Studies in Algorithms (Thesis)

Report ID: TR-763-06
Author: Ailon, Nir
Date: 2006-08-00
Pages: 151
Download Formats: |PDF|
Abstract:

This work is comprised of three separate parts: (1) Lower bounds for linear degeneracy testing (based on joint work with Bernard Chazelle); (2) Aggregating inconsistent information (based on joint work with Moses Charikar and Alantha Newman); and (3) The fast Johnson-Lindenstrauss transform and approximate nearest neighbor searching (based on joint work with Bernard Chazelle). The first part discusses a fundamental computational geometric problem called rSUM: given n real numbers, do any r of them sum up to 0? It is the simplest case of a more general family of problems called degeneracy testing. The computational model assumed is the linear decision tree.
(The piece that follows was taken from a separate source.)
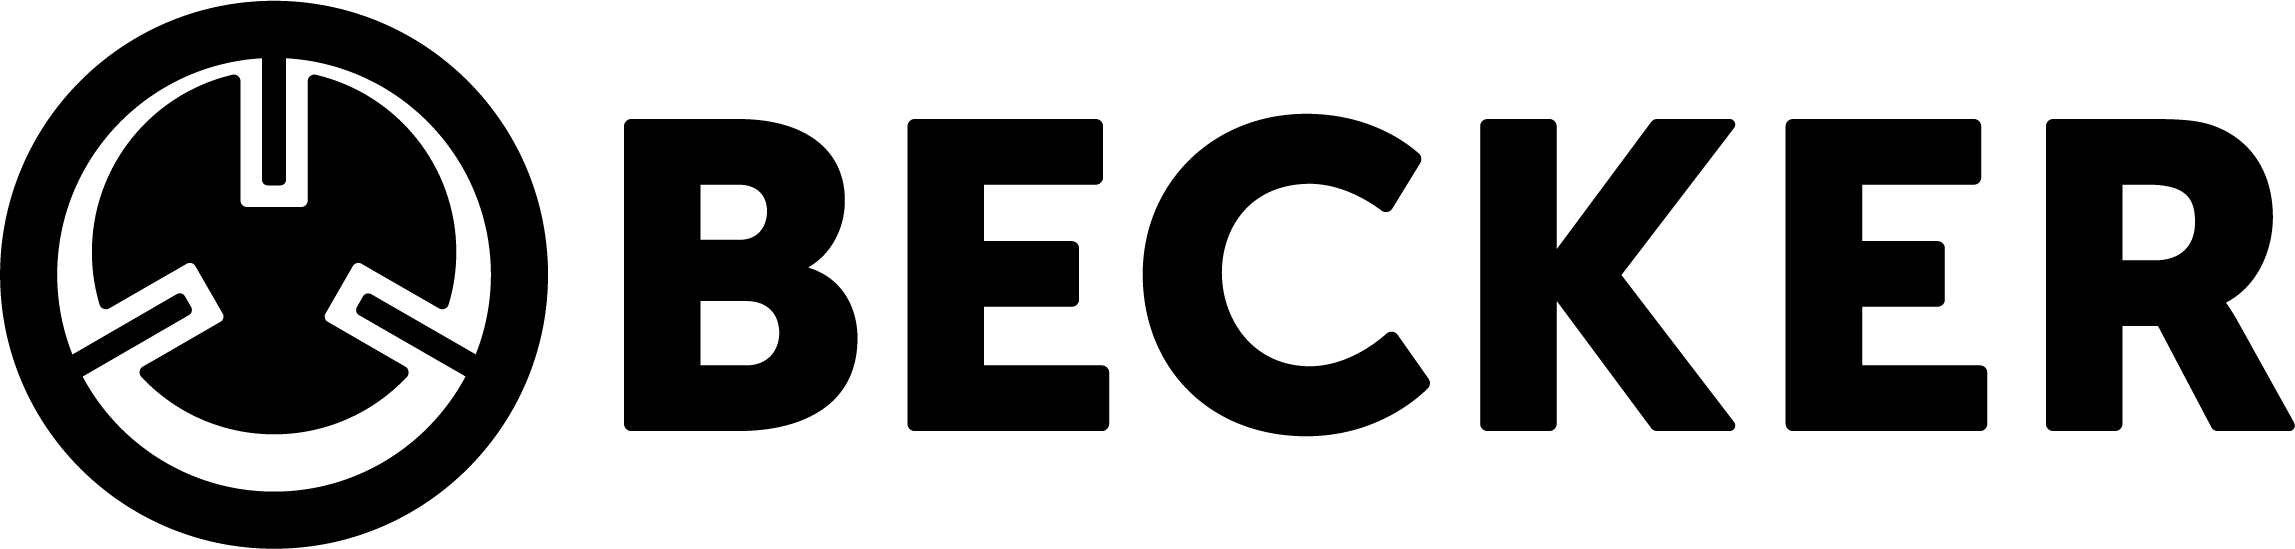 gebrueder_becker_logo
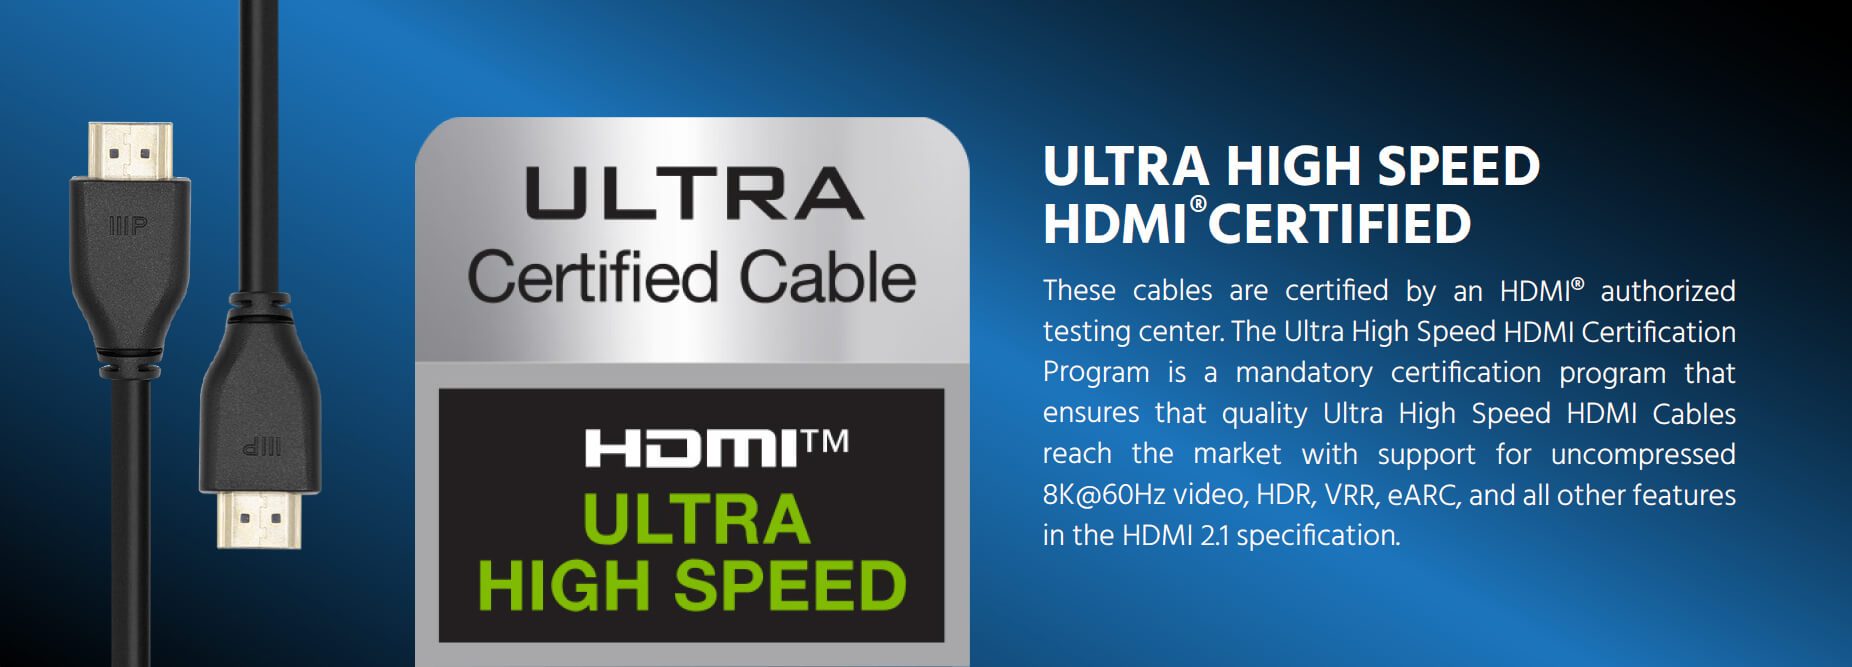 Ultra High Speed HDMI Certified

We extend and improve a seminal result by Erickson from 1999. The second part studies optimization algorithms designed for integrating information coming from different sources. This framework includes the well-known problem of voting from the old theory of social choice. Recently, the computational aspects of these problems have been studied, and several hardness results were proved. We design improved algorithms for two important problems known as rank aggregation and consensus clustering. In our analysis we prove new results on optimization over binary relations (in particular, order and equivalence relations). The third part revisits the computational aspects of a well-known lemma by Johnson and Lindenstrauss from the mid 80's, stating that any finite subset of a Euclidean space can be almost isometrically embedded in a space of dimension at most logarithmic in the size of the subset by projecting onto a random subspace. This technique improves many algorithms suffering from running time and/or space depending heavily on the dimensionality. In this work we define a new distribution on linear transformations with a significant computational improvement. We call it the Fast Johnson-Lindenstrauss Transform (FJLT), and show how to apply it to improve nearest neighbor searching in Euclidean space.